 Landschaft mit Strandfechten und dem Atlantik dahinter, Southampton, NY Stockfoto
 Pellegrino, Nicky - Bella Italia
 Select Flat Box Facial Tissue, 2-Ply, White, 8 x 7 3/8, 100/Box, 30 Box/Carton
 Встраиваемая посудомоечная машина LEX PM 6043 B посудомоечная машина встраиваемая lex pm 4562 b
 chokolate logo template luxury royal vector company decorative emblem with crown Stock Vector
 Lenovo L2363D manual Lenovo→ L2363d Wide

--

Task instructions ▸ Scan the listing above for the line that has "Pellegrino, Nicky - Bella Italia", then copy exactly from that line through the line that has "chokolate logo template".

Your response ▸
 Pellegrino, Nicky - Bella Italia
 Select Flat Box Facial Tissue, 2-Ply, White, 8 x 7 3/8, 100/Box, 30 Box/Carton
 Встраиваемая посудомоечная машина LEX PM 6043 B посудомоечная машина встраиваемая lex pm 4562 b
 chokolate logo template luxury royal vector company decorative emblem with crown Stock Vector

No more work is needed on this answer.